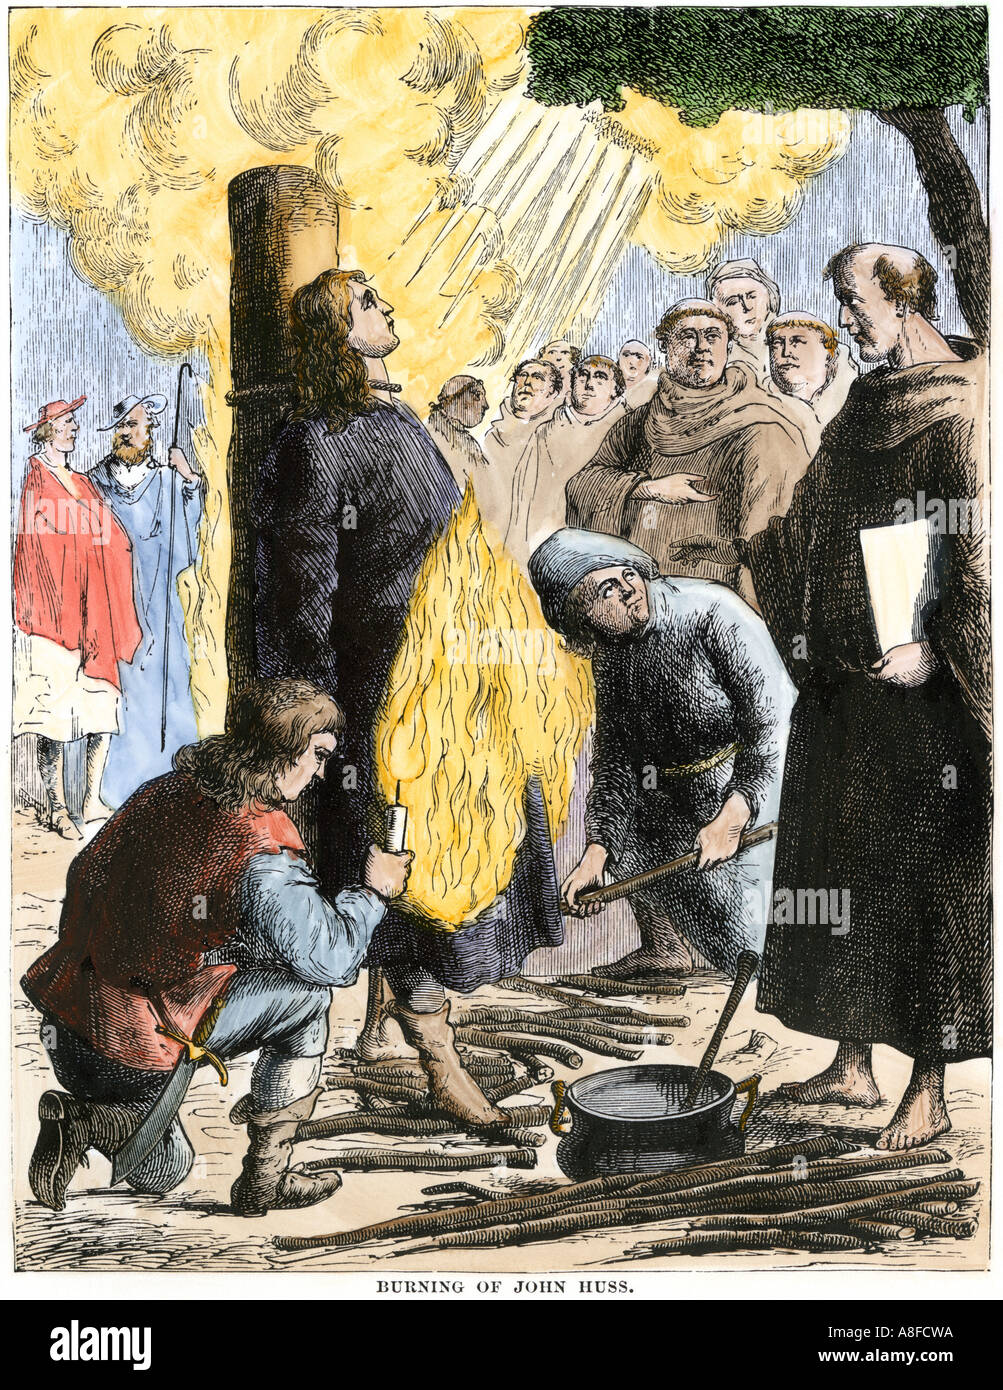 Religiöse Reformator Jan Hus auf dem Scheiterhaufen verbrannt, die von der römisch-katholischen Kirche 1415. Hand - farbige Holzschnitt Stockfoto
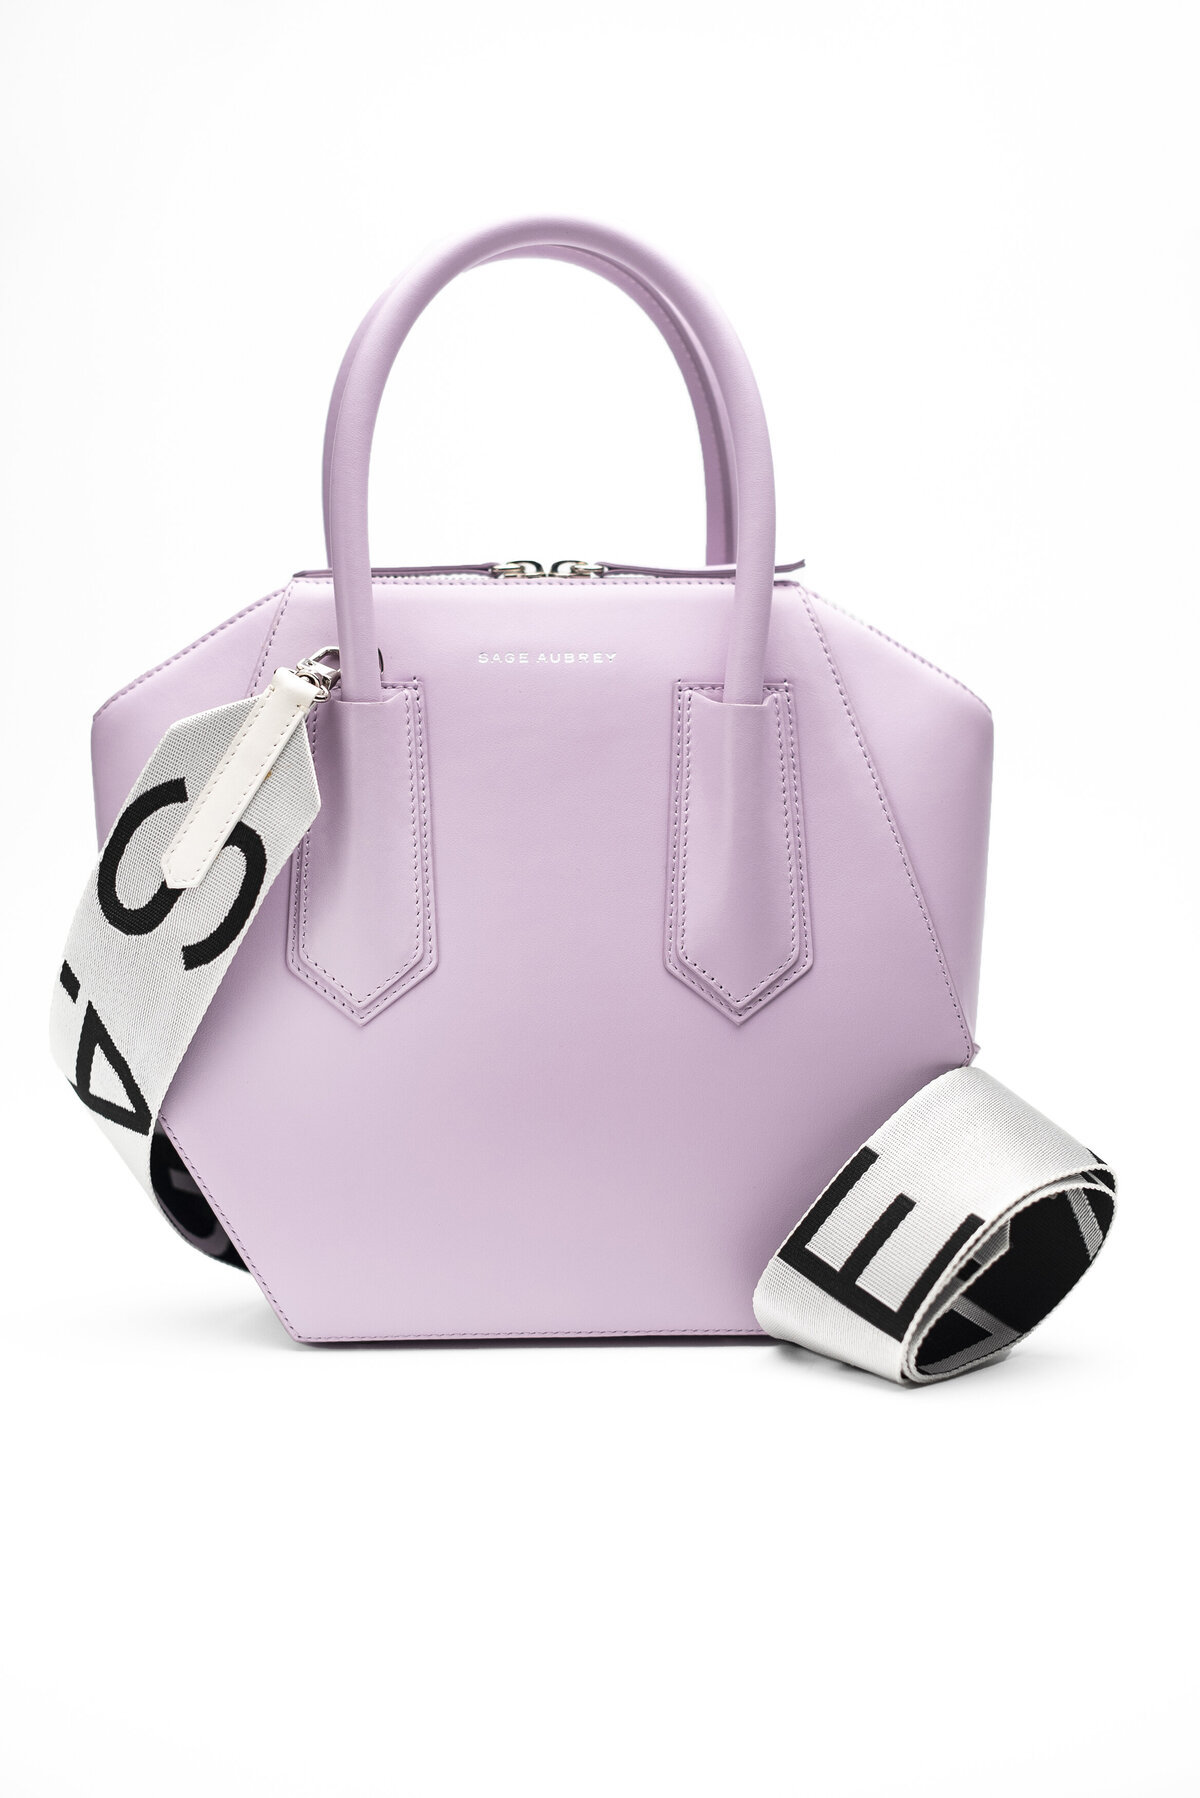 Sage Aubry geometric leather purse in Purple
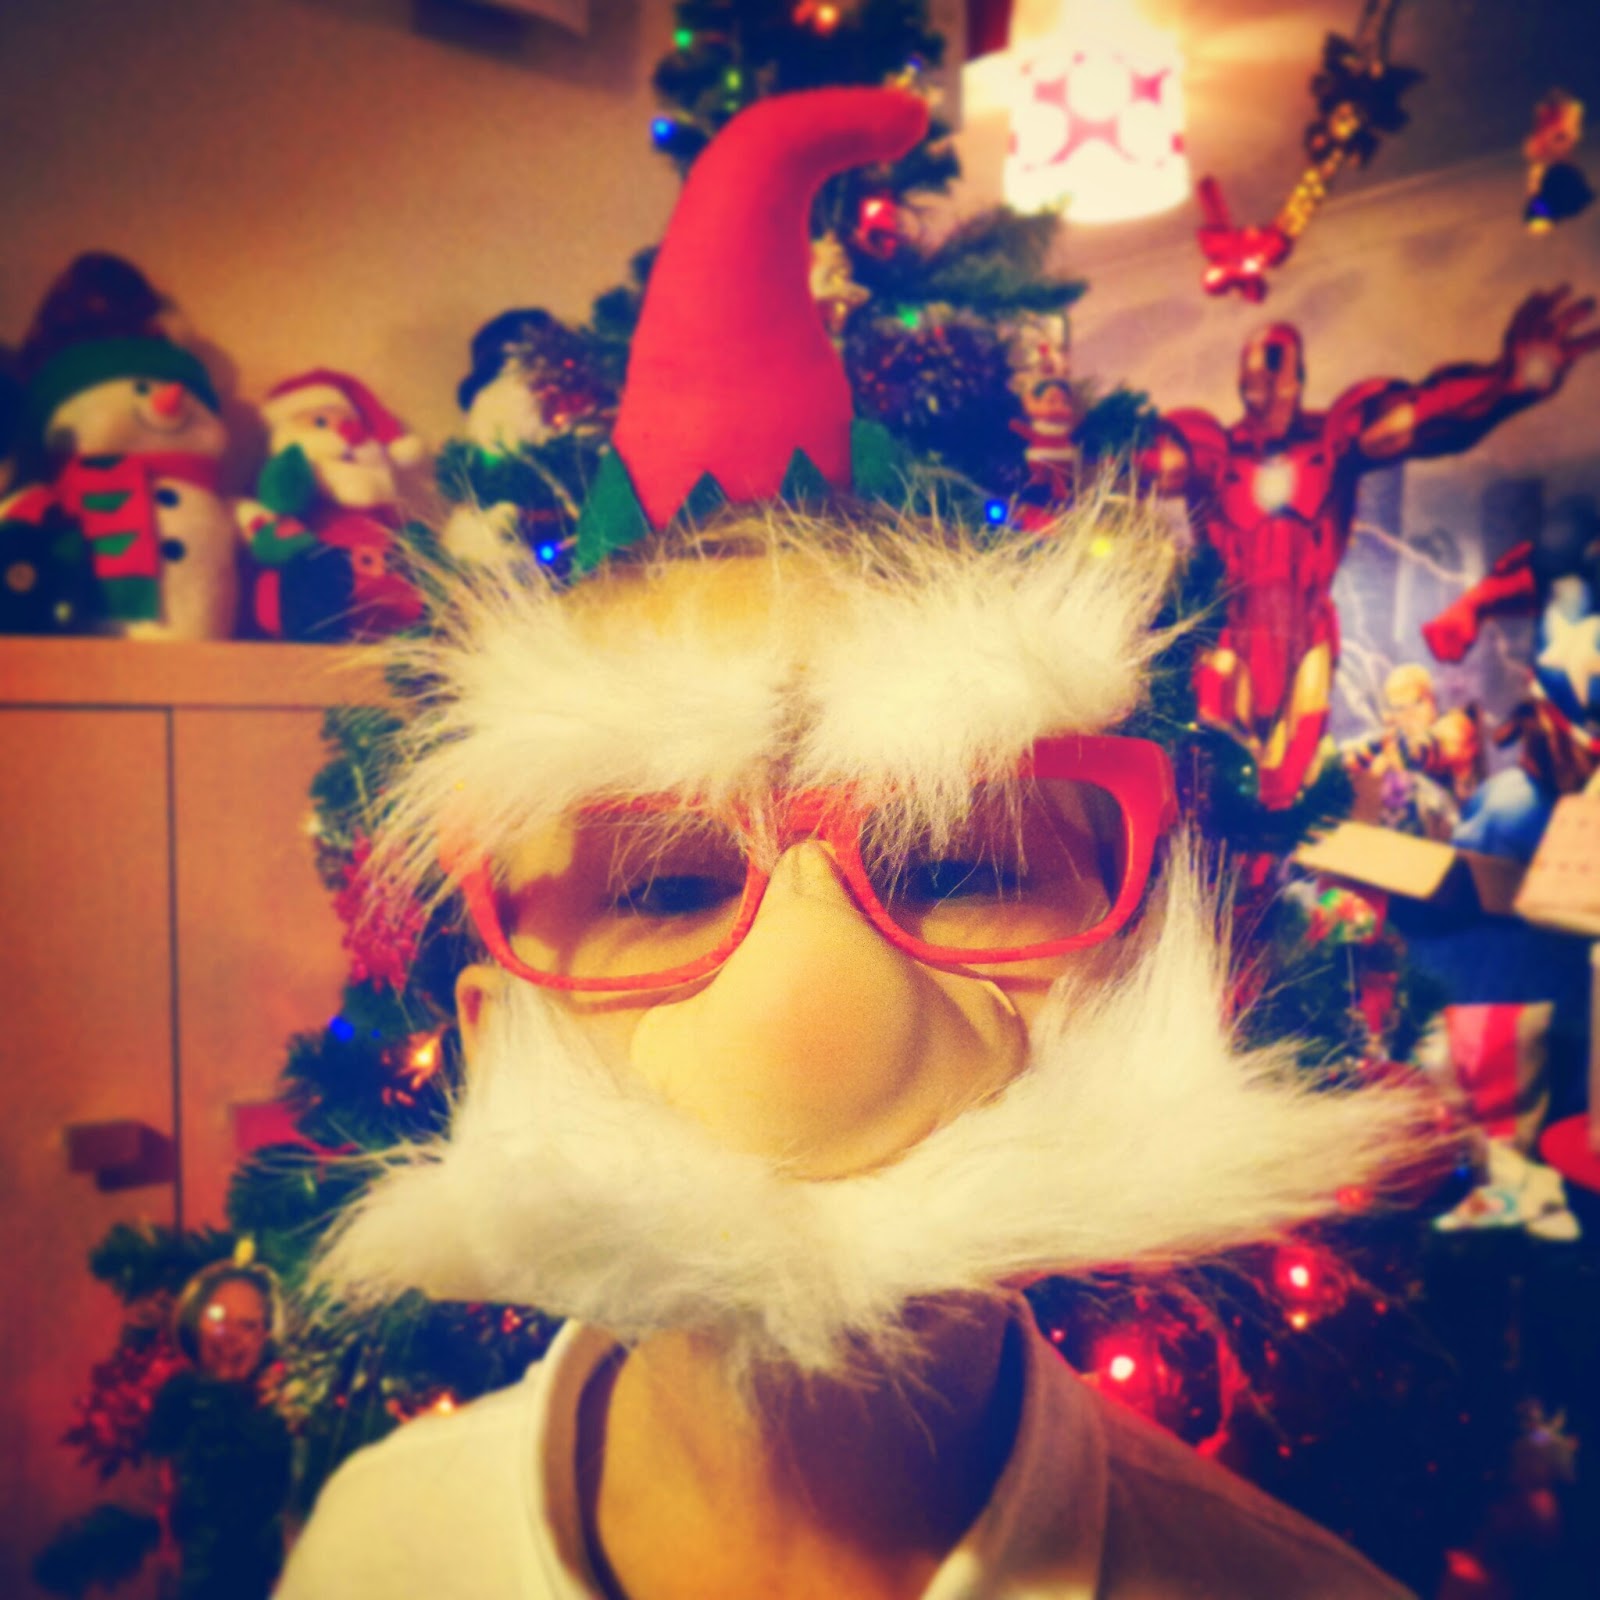 BB dressed up as a weird Santa/Elf hybrid

--------

Prompt:
Return the data above in its exact wording, with none of the pictures.

Expected output:
 Religiöse Reformator Jan Hus auf dem Scheiterhaufen verbrannt, die von der römisch-katholischen Kirche 1415. Hand - farbige Holzschnitt Stockfoto
 Sage Aubry geometric leather purse in Purple
 BB dressed up as a weird Santa/Elf hybrid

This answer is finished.